Mexican churches form united front against abortion bill

Mexico City, Mexico - Roman Catholic, evangelical, orthodox and Anglican church leaders said Wednesday they have formed a united front against bills to legalize abortion in Mexico, an issue that has divided the nation and drawn in conservative President Felipe Calderon.

In a news conference, the church leaders said they will call on their followers to march against the proposals that would legalize abortions in the first three months of pregnancy.

The abortion bills have been filed by lawmakers from the leftist Democratic Revolution Party, or PRD, in both the national Senate and Mexico City legislature.

"In the name of Jesus Christ and his Gospel, we ask, we implore they do not approve an unjust and bloody law that kills the innocent," said Rev. Hugo Valdemar, spokesman for the Catholic Archdioceses of Mexico City.

Catholic church officials have previously said they will excommunicate lawmakers who vote in favor of the bills.

Rev.
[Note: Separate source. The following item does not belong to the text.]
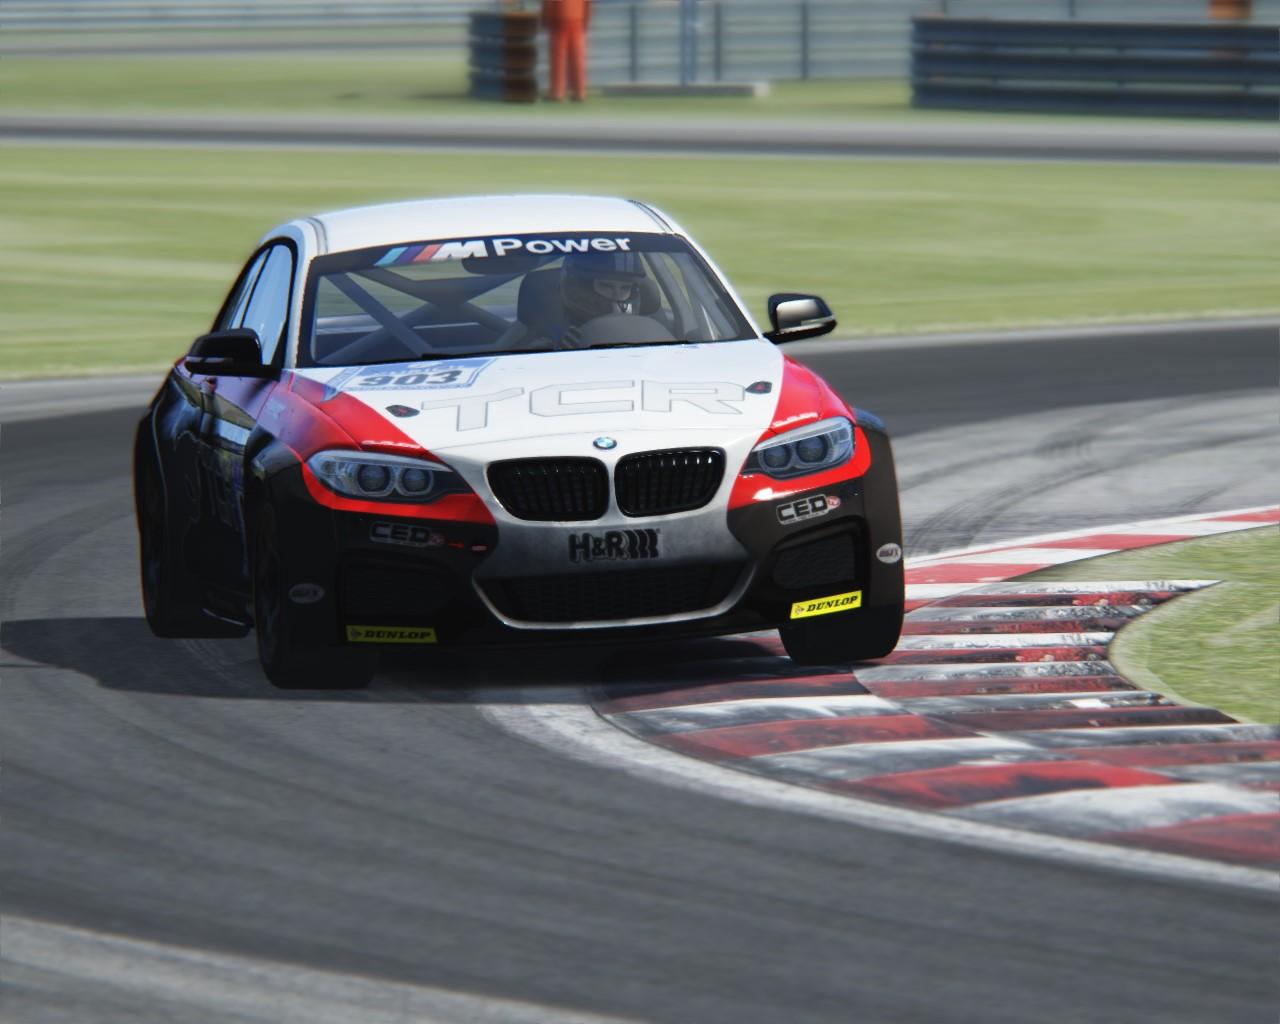 Screenshot_ks_bmw_m235i_racing_magione_15-3-116-21-20-9.jpg
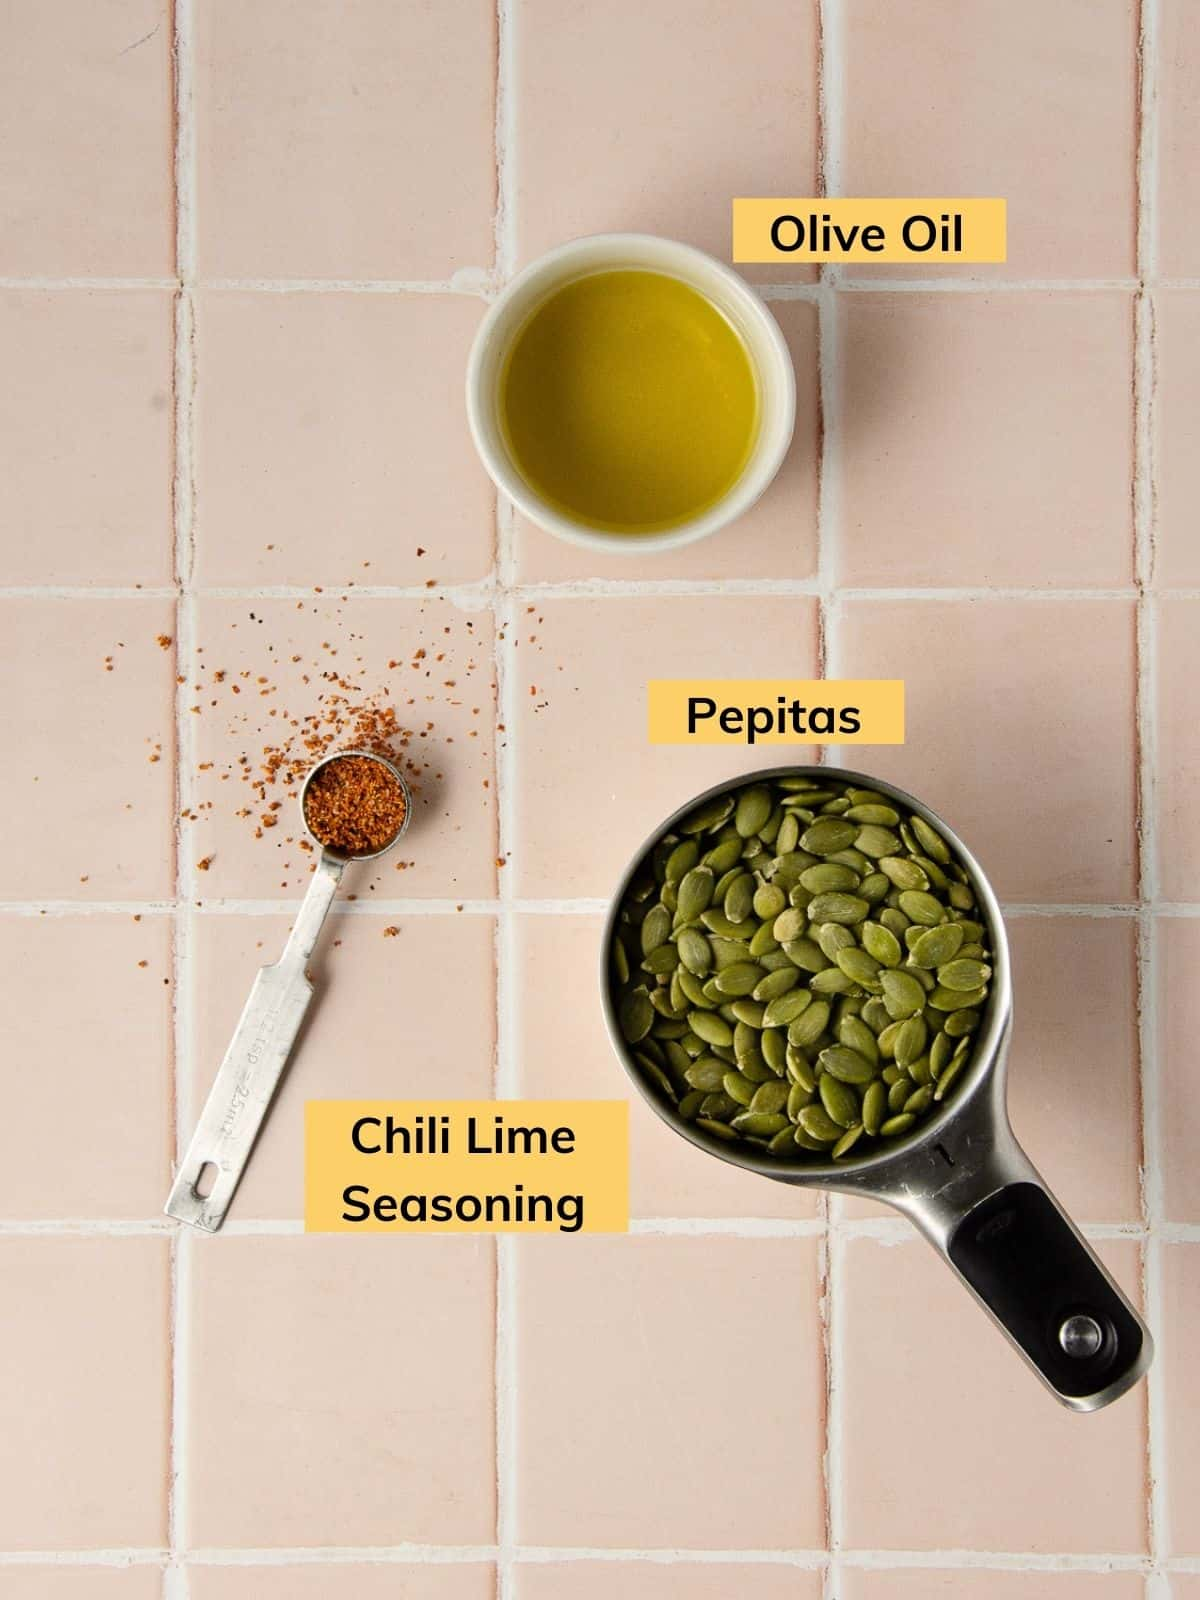 Ingredients for roasting pepitas: pepitas, chili lime seasoning and olive oil

Eduardo Rangel, an evangelical minister in Mexico City, added that "abortion is disobedience and betrayal of the word of God."

While about 90 percent of Mexico's total population of 104 million are Roman Catholic, there are more than 4 million evangelicals and the number grows annually.

Current Mexican law permits abortions only if the pregnancy endangers a woman's life or if the woman has been raped.

But advocates of the bills say this does not stop wealthier Mexican women traveling to the United States for the procedures while thousands of poor women remain in Mexico and have back-street operations. The law would allow abortions to be carried out under safer conditions, they argue.

"We need to stop thousands of women from dying in unsafe operations," said Sen. Carlos Navarrete, who heads the PRD in the Senate. "This is a right our laws should guarantee."

The church's position comes in spite of a constitutional ban on political activity by religious groups. It is also being supported by the Vatican, which is sending its chief anti-abortion campaigner, Cardinal Alfonso Lopez Trujillo, to inaugurate an international conference in Mexico City on Friday

Calderon, of the conservative National Action Party, has also spoken against the measure.

"I have a personal conviction, and I am in defense of life," he told a Tuesday news conference. "I have a plain respect for dignity and human life and, within this, I believe the existing legislation is adequate."